InstallShield 期望非拉丁字母字符串表条目使用什么编码?
我开发的应用程序通过包含多个本地化的单个安装程序进行分发。构建过程包括一个脚本,该脚本使用每种受支持语言的翻译来更新 .ism 字符串表。
这对于法语和德语等语言来说效果很好。但是,当用日语测试安装程序时,文本显示为一系列方块。这不太可能是字体问题,因为 InstallShield 提供的字符串显示得很好;只有字符串表条目被破坏。所以问题似乎是字符串的编码错误。
.ism 采用 XML 格式,声明为 UTF-8 作为其编码,因此我假设字符串也需要采用 UTF-8 编码。他们实际上需要使用目标平台的编码吗?那么,对于具有不同编码的目标(即中国系统使用一种 GB 编码与另一种编码)是否存在任何担忧?在这里做什么是正确的?
编辑:使用InstallShield 2009,因为它和2010之间显然有区别。
I work on an app that gets distributed via a single installer containing multiple localizations. The build process includes a script that updates the .ism string table with translations for each supported language.
This works fine for languages like French and German. But when testing the installer in, i.e. Japanese, the text shows up as a series of squares. It's unlikely to be a font problem, since the InstallShield-supplied strings show up fine; only the string table entries are mangled. So the problem seems to be that the strings are in the wrong encoding.
The .ism is in XML format, with UTF-8 declared as its encoding, so I assumed the strings needed to be UTF-8 encoded as well. Do they actually need to use the encoding of the target platform? Is there any concern, then, about targets having different encodings, i.e. Chinese systems using one GB-encoding versus another? What is the right thing to do here?
Edit: Using InstallShield 2009, since there is apparently a difference between that and 2010.
如果你对这篇内容有疑问,欢迎到本站社区发帖提问 参与讨论,获取更多帮助,或者扫码二维码加入 Web 技术交流群。
绑定邮箱获取回复消息
由于您还没有绑定你的真实邮箱,如果其他用户或者作者回复了您的评论,将不能在第一时间通知您!
发布评论
评论(3)
在InstallShield 2009 及更早版本中,编码是特定于相关语言的ANSI 编码中的二进制字符串的base-64 编码(例如日语的CP932)。在 InstallShield 2010 及更高版本中,它仍会接受该格式或使用 UTF-8,具体取决于该表中的其他列。

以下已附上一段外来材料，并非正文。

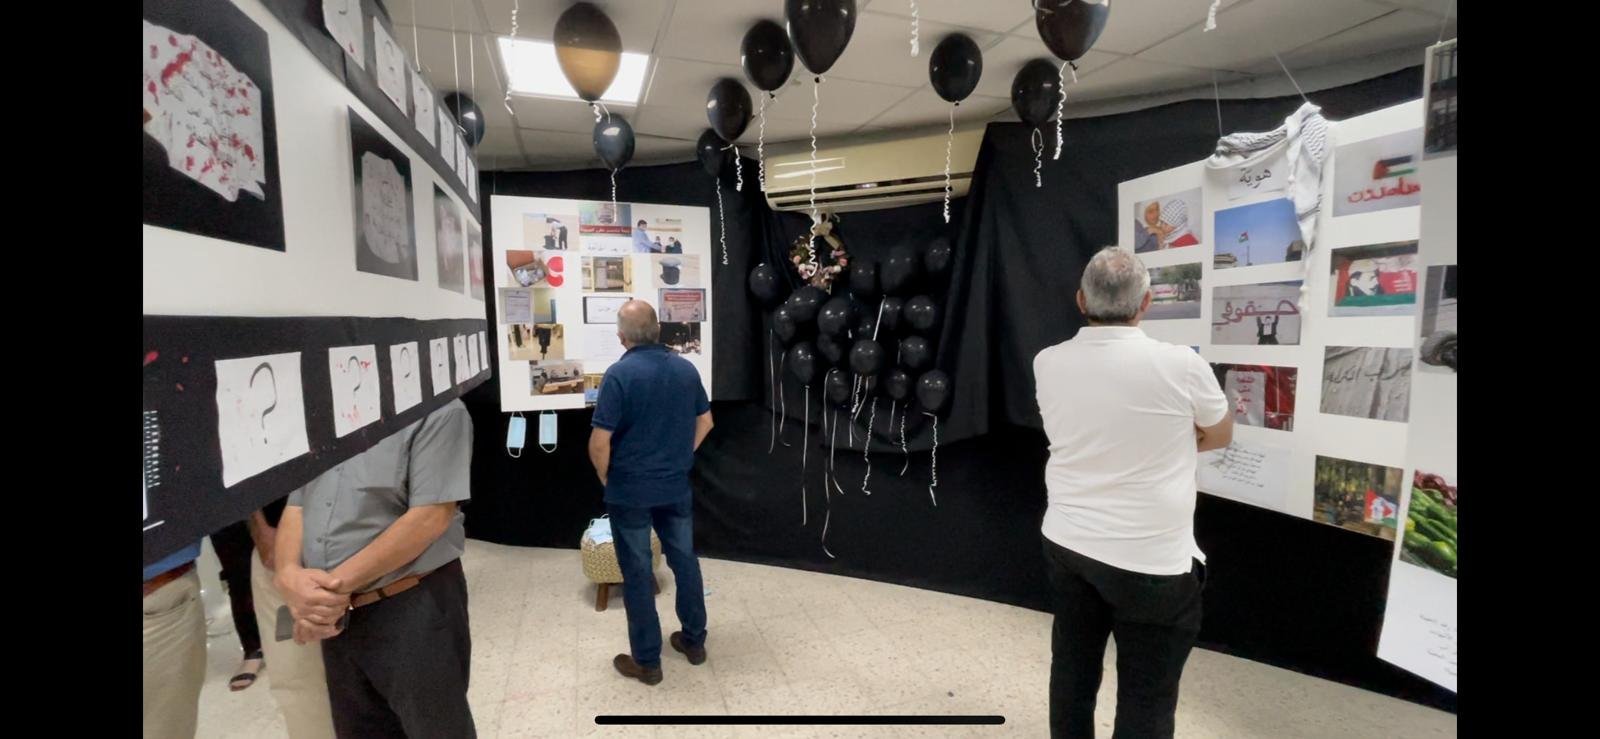 افتتاح معرض صور "حكايات" في المدرسة الشاملة الجديدة في الرينة-8

In InstallShield 2009 and earlier, the encoding is a base-64 encoding of the binary string in the ANSI encoding specific to the language in question (e.g. CP932 for Japanese). In InstallShield 2010 and later, it will still accept that or use UTF-8, depending on other columns in that table.
感谢迈克尔·乌尔曼(对他的回答投了赞成票),他为我们指明了正确的方向。但这是实际工作(使用 InstallShield 2009)算法,由同事进行逆向工程:
请注意,使用 uuencode 字典进行 base-64 转换与使用 uuencode 算法不同。标准 uuencode 生成一组换行符分隔的行,包括页眉、页脚和一个或多个数据行,每行都以长度字符开头。如果您使用 uuencode 编解码器来实现此功能,则需要删除所有这些内容。
Thanks (up-voted his answer) go to Michael Urman, for pointing us in the right direction. But this is the actual working (with InstallShield 2009) algorithm, reverse-engineered by a co-worker:
Be aware that base-64ing using the uuencode dictionary is not the same as using the uuencode algorithm. Standard uuencode produces a set of newline-separated lines, including a header, footers and one or more data lines, each of which begins with a length-character. If you're implementing this using a uuencode codec, you'll need to strip all of that off.
我也在试图解决这个问题...
我已经继承了一些Installshield 12(2009年之前)项目,其中的字符串表条目包含base64“目标”字符范围之外的字符。
例如,日语字符串之一是:
4P!H
&$
9!O
'<4
!R&\
=!E
&,=``@
$(80!C
&L=0!P
"00!G`&4`;@!T`)(PI##S,+DPR##\,.LP5S!^,%DP`C
经过大量搜索后,我偶然发现 Base85 编码,看起来更接近合理,但尚未验证这是否是解决方案。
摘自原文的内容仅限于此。